According to the study, the Nuclear Regulatory Commission is the best place to work in the federal government. Why? “Because senior management takes the time to listen to the staff.” Remember, that characteristic was not “very important when it comes to leading successful companies,” according to Brooks. That’s the conundrum that faces leaders. According to Vogel, agencies that received the lowest ratings included the Transportation Department, the National Archives and Records Administration, the Homeland Security Department and the Education Department.

“What separates these agencies in the minds of their employees is often the senior leadership, how well or poorly it shares information with subordinates, and the training and opportunities it provides workers. … ‘The challenge is for government managers to do a better job of communicating,’ said John Palguta, vice president for policy for the group. ‘Communicate, communicate, communicate.
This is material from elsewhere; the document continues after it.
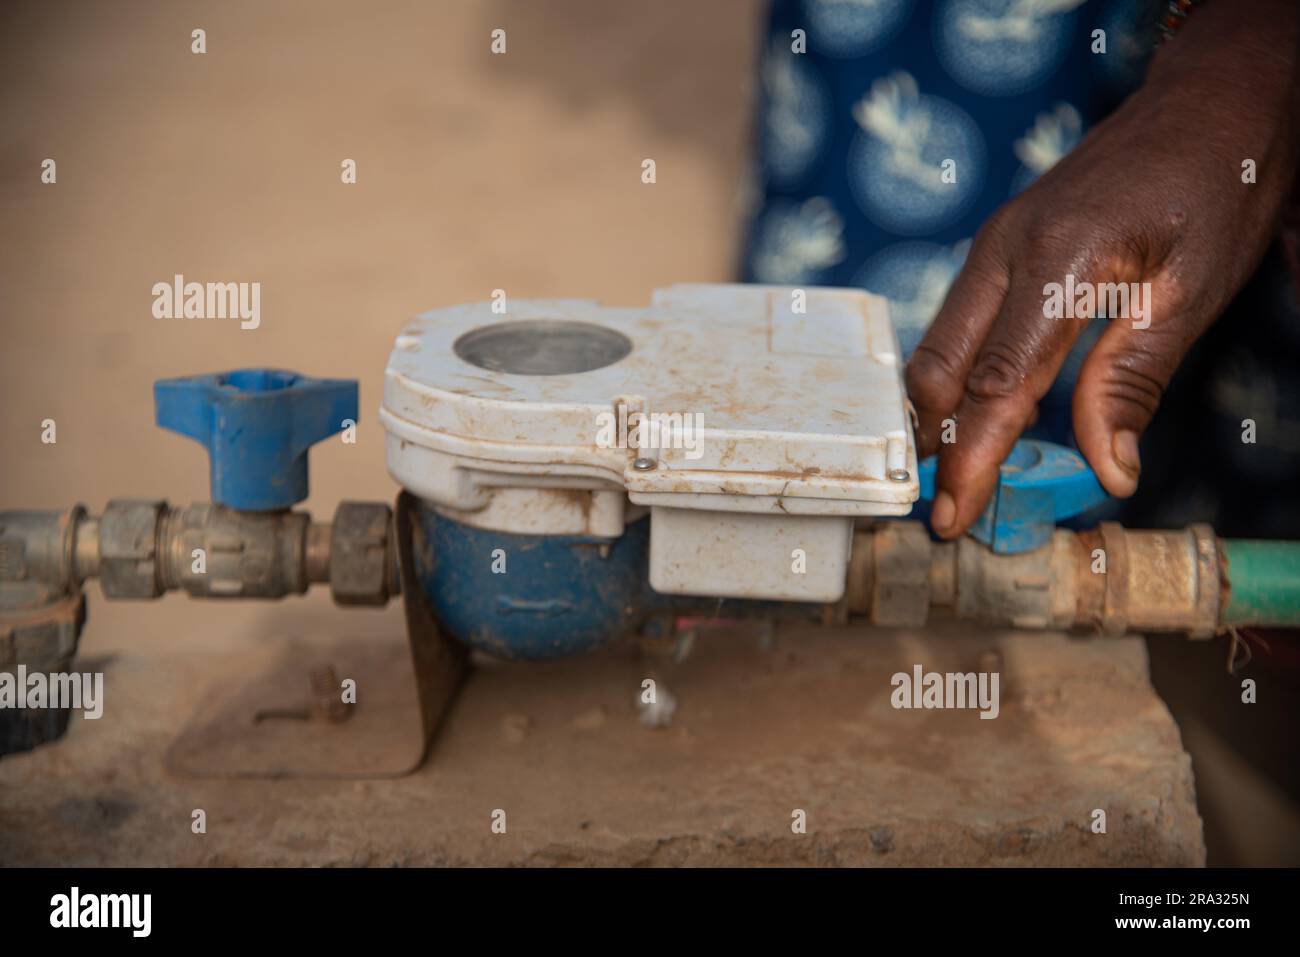 Nicolas Remene / le Pictorium - contatori prepagati e applicazione mobile in Niger - 29/5/2020 - Niger / Niamey / Niamey - nel distretto di Goudel Maourey a Niamey in Niger, sono stati installati contatori d'acqua "intelligenti" che consentono a ciascuna famiglia di pagare il consumo di acqua man mano che si verifica, utilizzo di un telefono cellulare e di un'applicazione. Questo tipo di contatore prepagato consente ai residenti locali di regolare il loro consumo in base al loro reddito. Ciò consente di offrire l'accesso all'acqua potabile a casa a un costo inferiore, con un sistema di pagamento anticipato adattato ai redditi irregolari di gran parte d Foto Stock

It’s like real estate.’ … Fewer than half of federal workers, 48 percent, are satisfied with the information they receive from superiors about what is happening in their organizations, a number that trails the private sector by 18 percentage points.”

I believe there is a way to reconcile Brooks’ observations with those of the government study. In large corporations headed by the CEOs described by Brooks, there are people whose job it is to ensure that employees understand what is going on and the direction the company is taking. The government generally has no such individual or group. In small and mid-size companies, good CEOs must often assume that role themselves. In my mid-size company, for example, I periodically get employees together and personally fill them in all everything that is happening. I try to ensure that they know what’s going and also instill in them my sense of enthusiasm for the way ahead. The bottom line is that even though Brooks doesn’t believe that communication is a critical skill for a CEO, I’m sure he would argue that good communication is an important characteristic for an organization as a whole.